However, while handline and spear fishing were individual efforts with limited catch yields, net fishing enabled large-scale catches through collective labor in conjunction with foraging methods. Evidence of net fishing has been found at numerous archaeological sites. These communities accumulated surplus production through such collective activities, enhancing their adaptability to the environment and increasing their chances of survival. Consequently, their populations grew, settlements expanded, and stable, sedentary lifestyles emerged, leading to further cultural development. This progression laid the foundation for the emergence of ancient states in the Han River basin following the advanced cultures of the Bronze Age.

=== Bronze Age Han River ===
Geographically encompassing most of central Korea, the Bronze Age in the Han River basin was influenced by the northeastern regions of the Korean Peninsula (Hamgyeongbuk-do and Hamgyeongnam-do) and the northwestern regions (Pyeongannam-do and Hwanghae-do). This led to the establishment of the Bronze Culture in the Han River basin. The cultures of these two regions developed uniquely through their own progress and blending, creating a distinctive Bronze Age culture in the Han River basin. Additionally, the Han River basin served as an intermediary region that facilitated the spread of culture to the southern regions of the Korean Peninsula. By this stage, agriculture had further advanced compared to the Neolithic period.

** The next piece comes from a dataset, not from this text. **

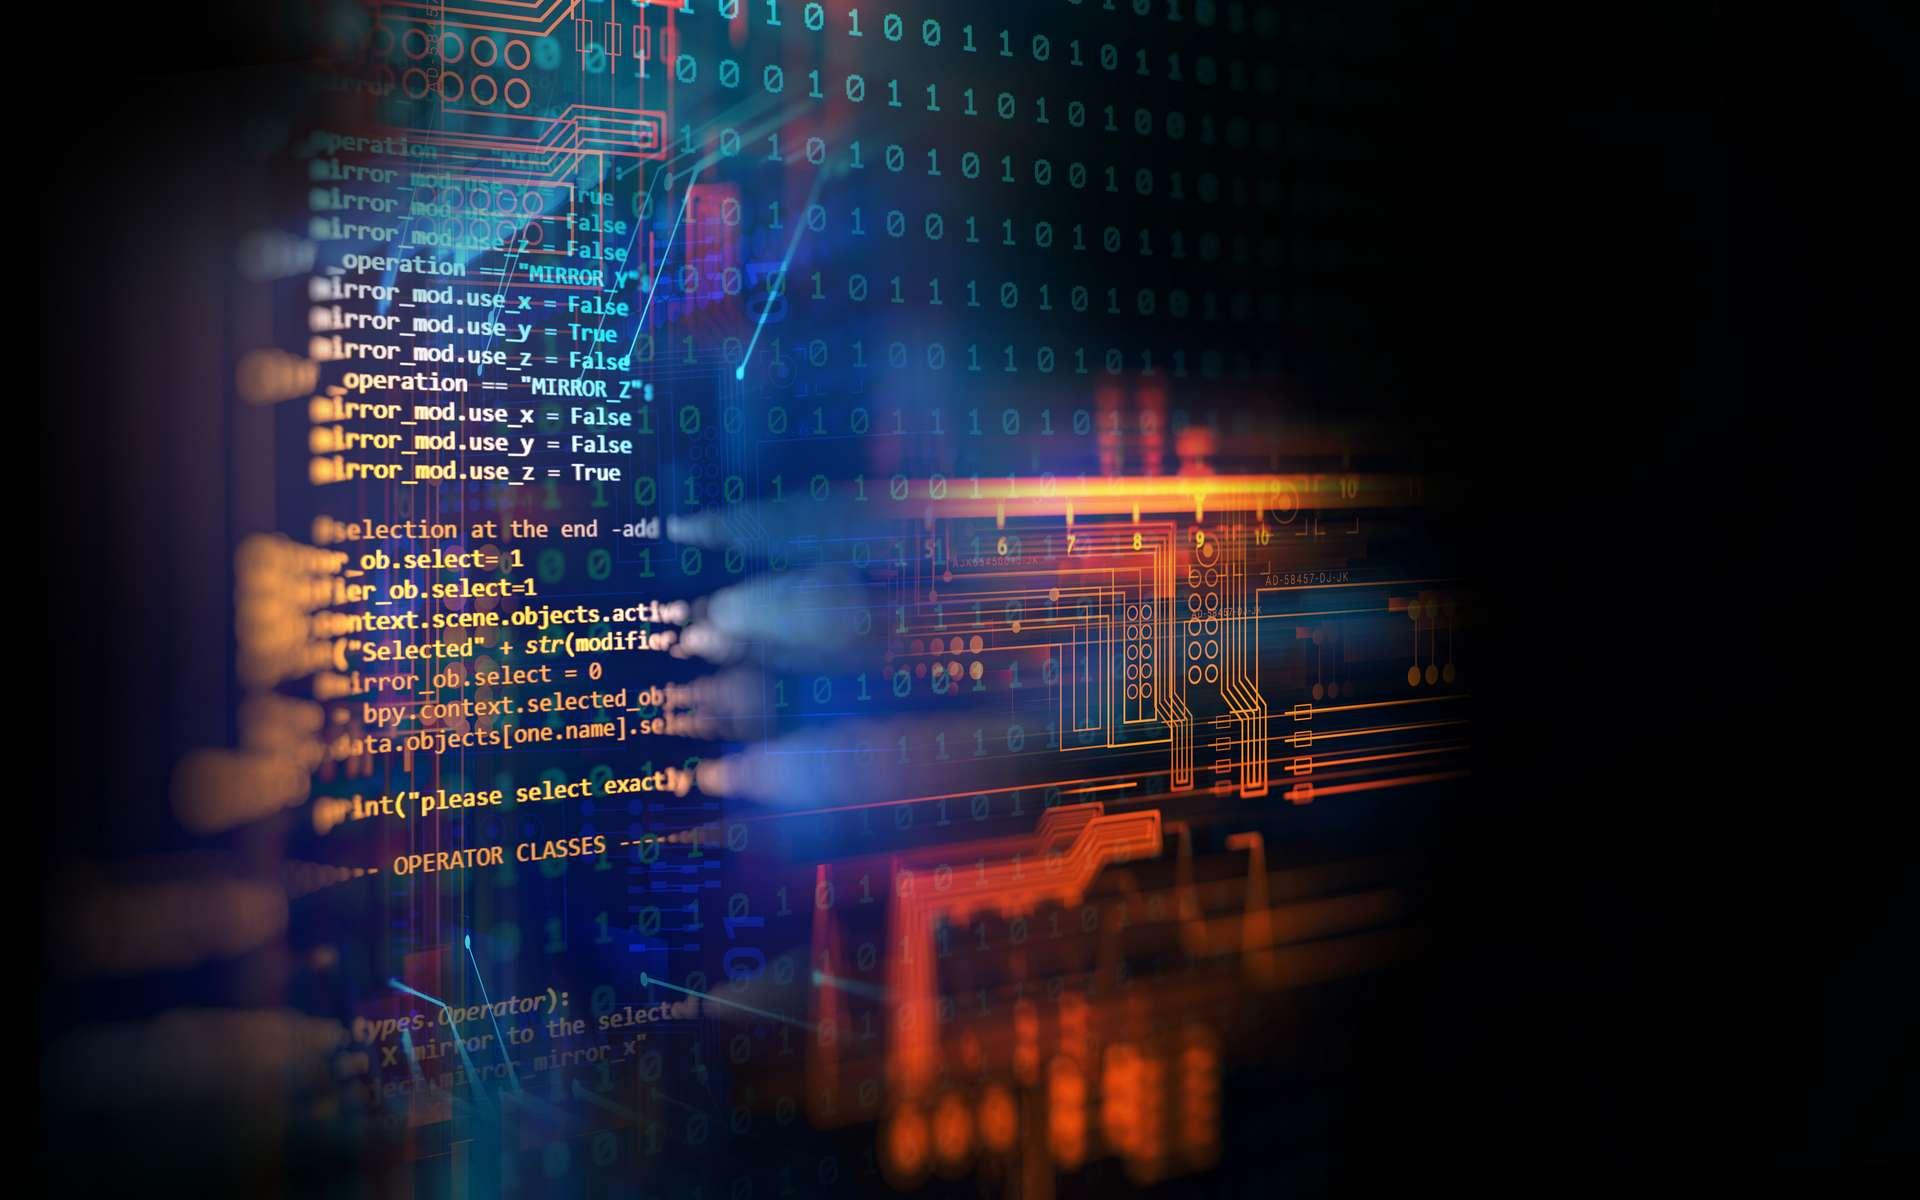 Une faille dans un logiciel de Microsoft a permis à des pirates de s'introduire dans les systèmes informatiques de dizaines de milliers de sociétés. © monsitj, Adobe Stock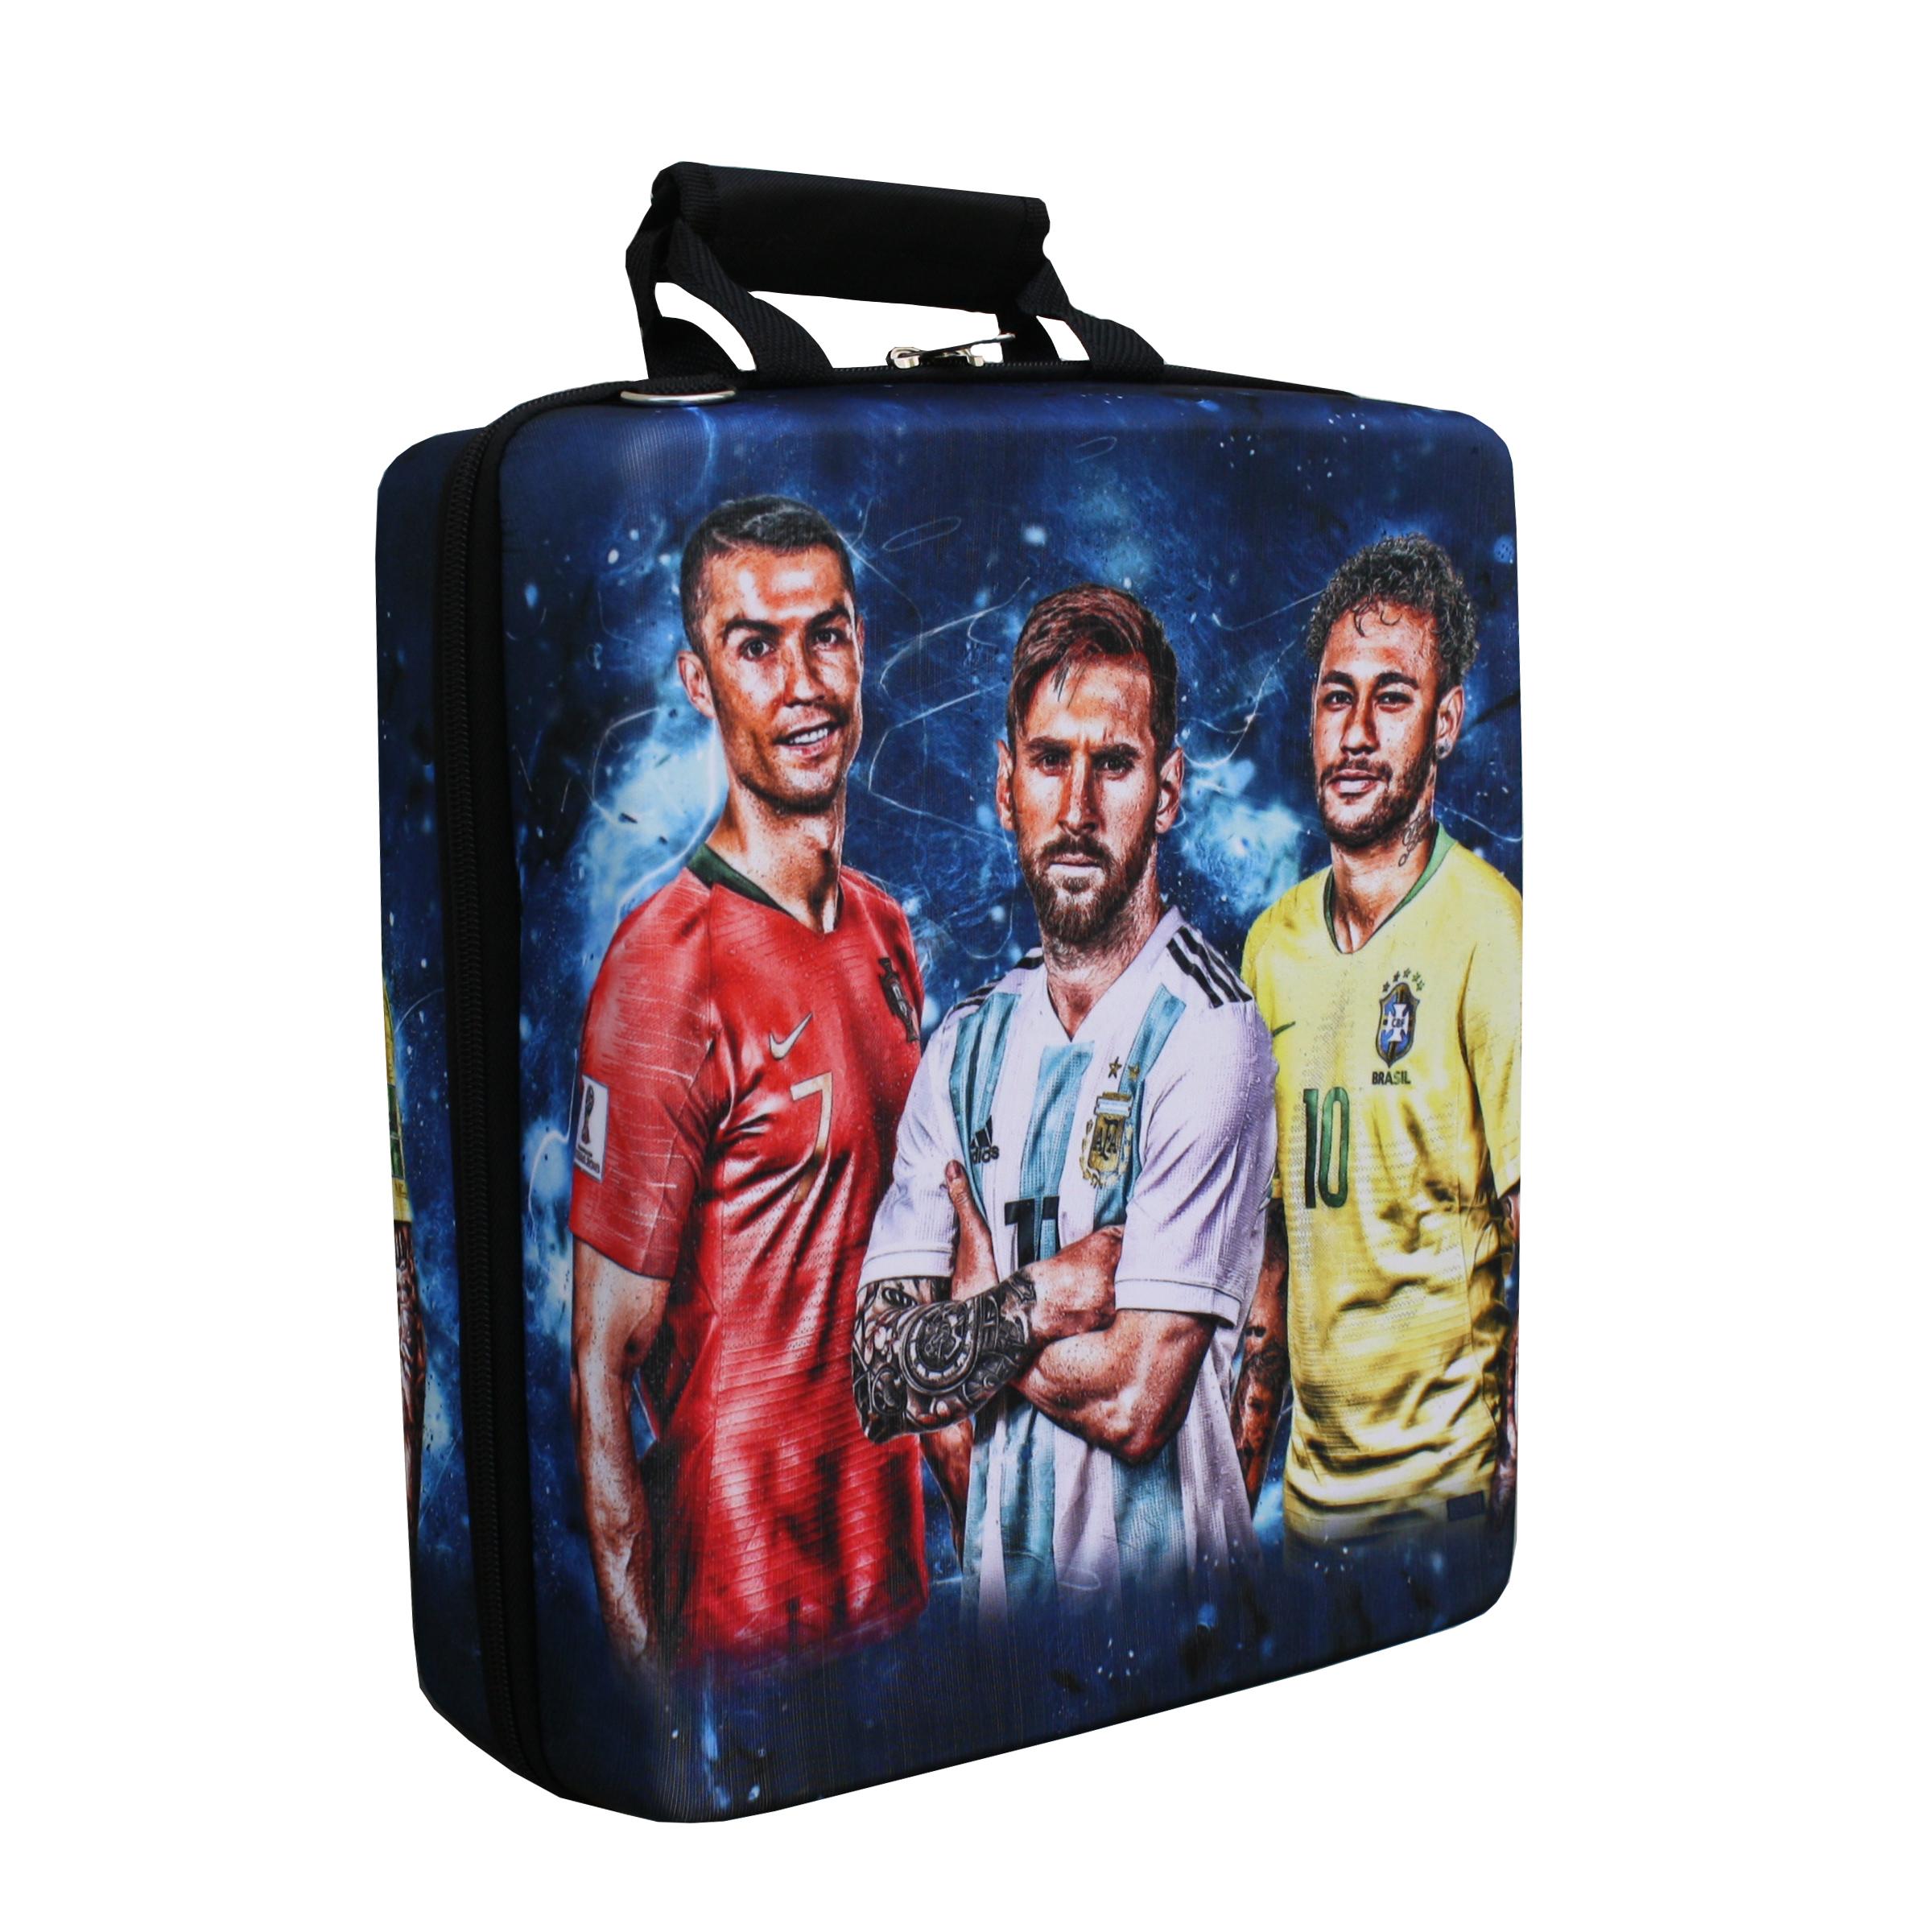 کیف حمل کنسول پلی استیشن 4 مدل neymar messi ronaldo کد 1004

Carbonized grains such as rice, barley, millet, and Job's tears were excavated from habitation sites, indicating that mixed grain farming had become widespread across the Korean Peninsula. It is also inferred that rice farming had become quite common in both the northwestern regions and the southern areas. Rice farming in the Han River basin is closely related to the southward movement of residents from the Pangyi Pottery culture in the northwestern regions. As these southern-moving Pangyi Pottery people interacted and blended with the local Minmuni-toki-in communities, rice farming became widespread in the Han River basin and further extended to the southern regions.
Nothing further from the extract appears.